The shadows of the trees lengthening out over the rich black ground gave warning of the approaching sunset.
The hounds looked puzzled.
"Perhaps they have been doubling on the trail, and we've been chasing them around the circle-I say let's go back the way we came, perhaps we'll meet them," suggested Connie.
They all thought this a likely solution, and in a minute they were again in marching order, ready to retrace their steps.
Connie's conjecture was quite true, as far as it went-that was, however, not quite far enough to reach the hares.
Polly, to whom all woods were an open book, once out of sight of the gym, had found her way by various paths to the orchard and, by keeping to the right she discovered the bridge.
"What a piece of luck," she exclaimed to the girls who were running beside her, adding, in explanation:
"If we can only make a circle and come back here, they will never find us-we can stand under the bridge, the brook's almost dry and there are loads of stones."
The other hares, only too eager to be led, acquiesced at once.
Off they started, keeping well to the right, past the farm, and through the pasture, leaving the tiny line of white that later dumbfounded the pursuing hounds. On they sped to the orchard and panting, but delighted, they again reached the bridge.
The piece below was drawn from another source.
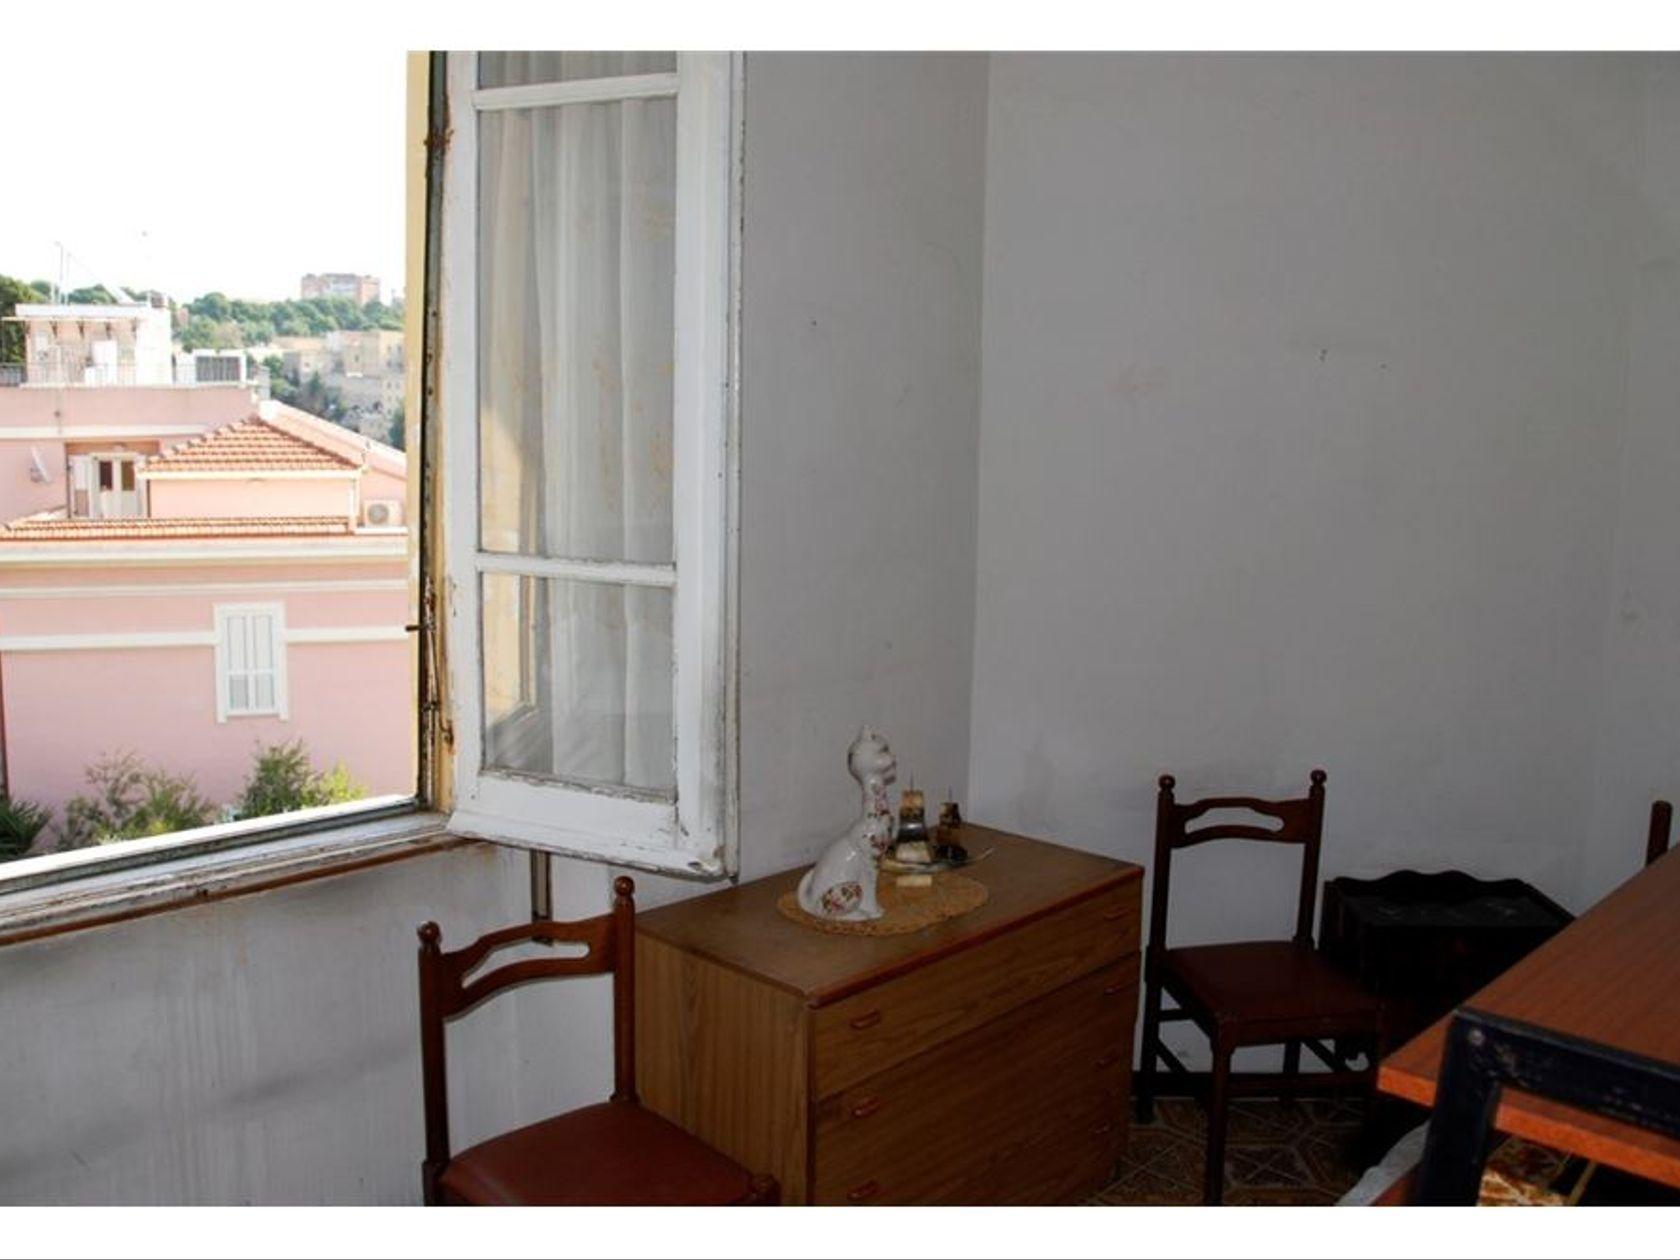 Appartamento Cagliari-punici-merello, Cagliari, CA Vendita - Foto 5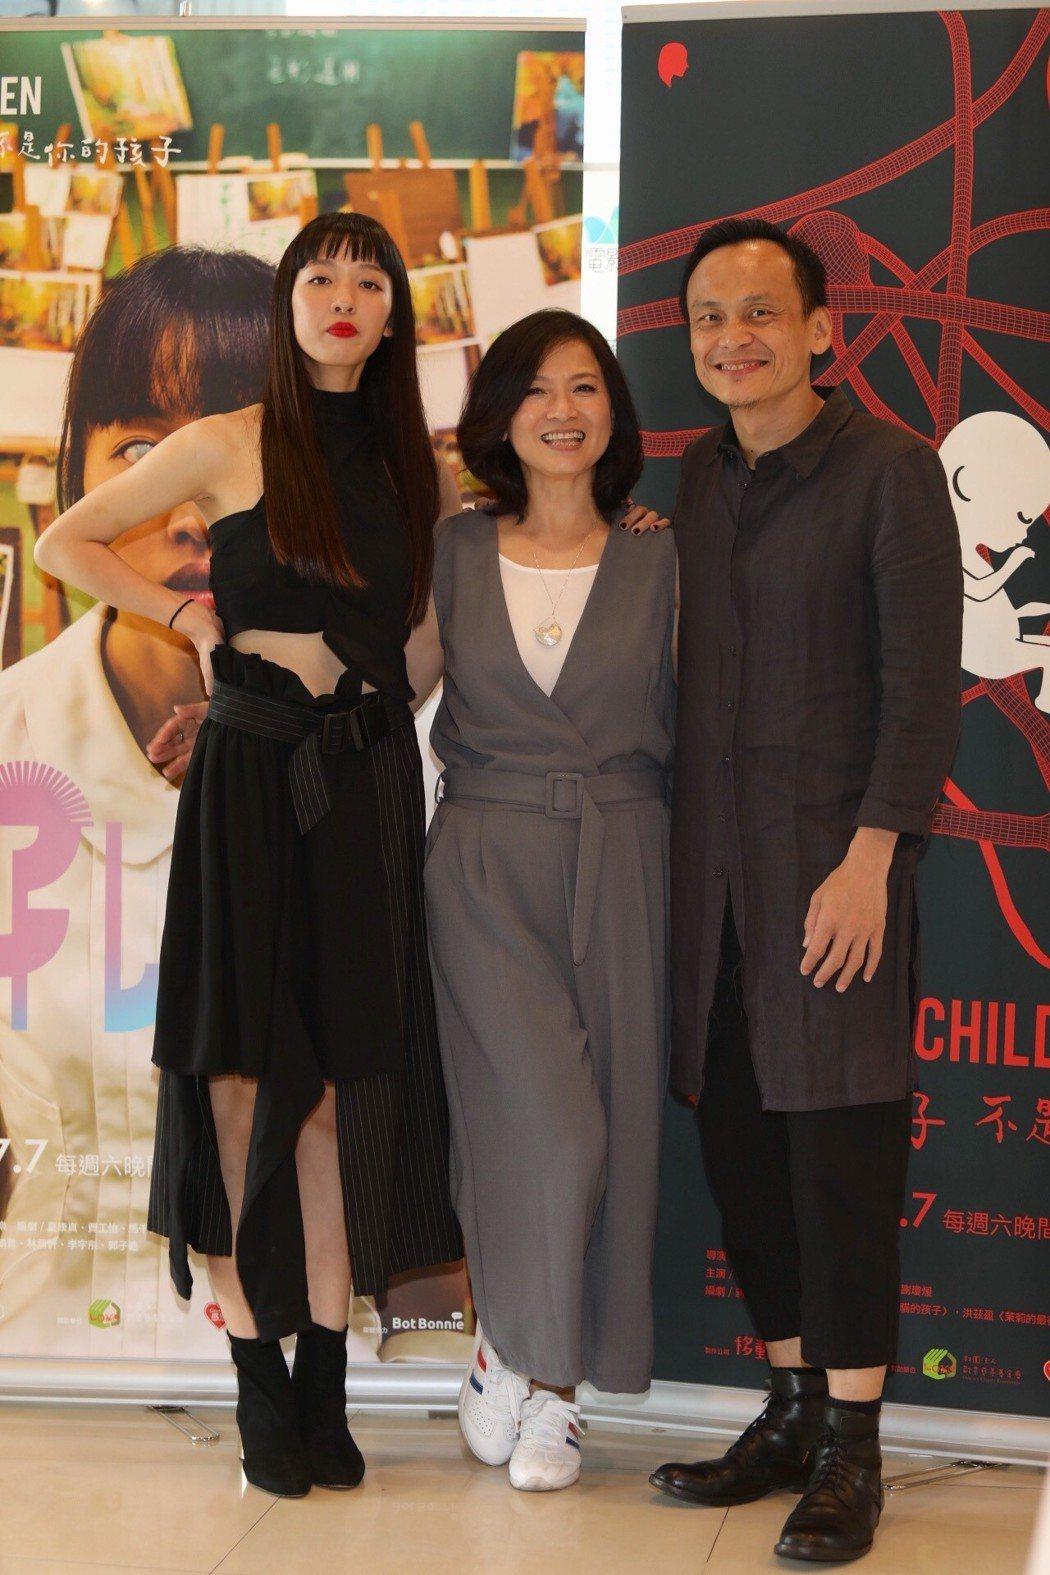 陳以文(右起)、謝瓊煖、王渝萱演出「你的孩子不是你的孩子-孔雀」。圖/公視提供

"Everybody underneath and don't make a sound," Polly warned them, "and keep well to the end so they won't see us as they come along; our only danger is, that they may notice the short trail that leads down here."
They waited for what seemed an age, balancing themselves on slippery stones, very much excited, but very still, save for an occasionally suppressed giggle.
In a few minutes they heard the thump, thump of the approaching hounds and held their breath as the bridge shook over their heads.
"Safe," whispered some one as the sound grew fainter in the distance:
"Where next?"
"Here, of course," replied Polly; "we mustn't move, they are sure to come back."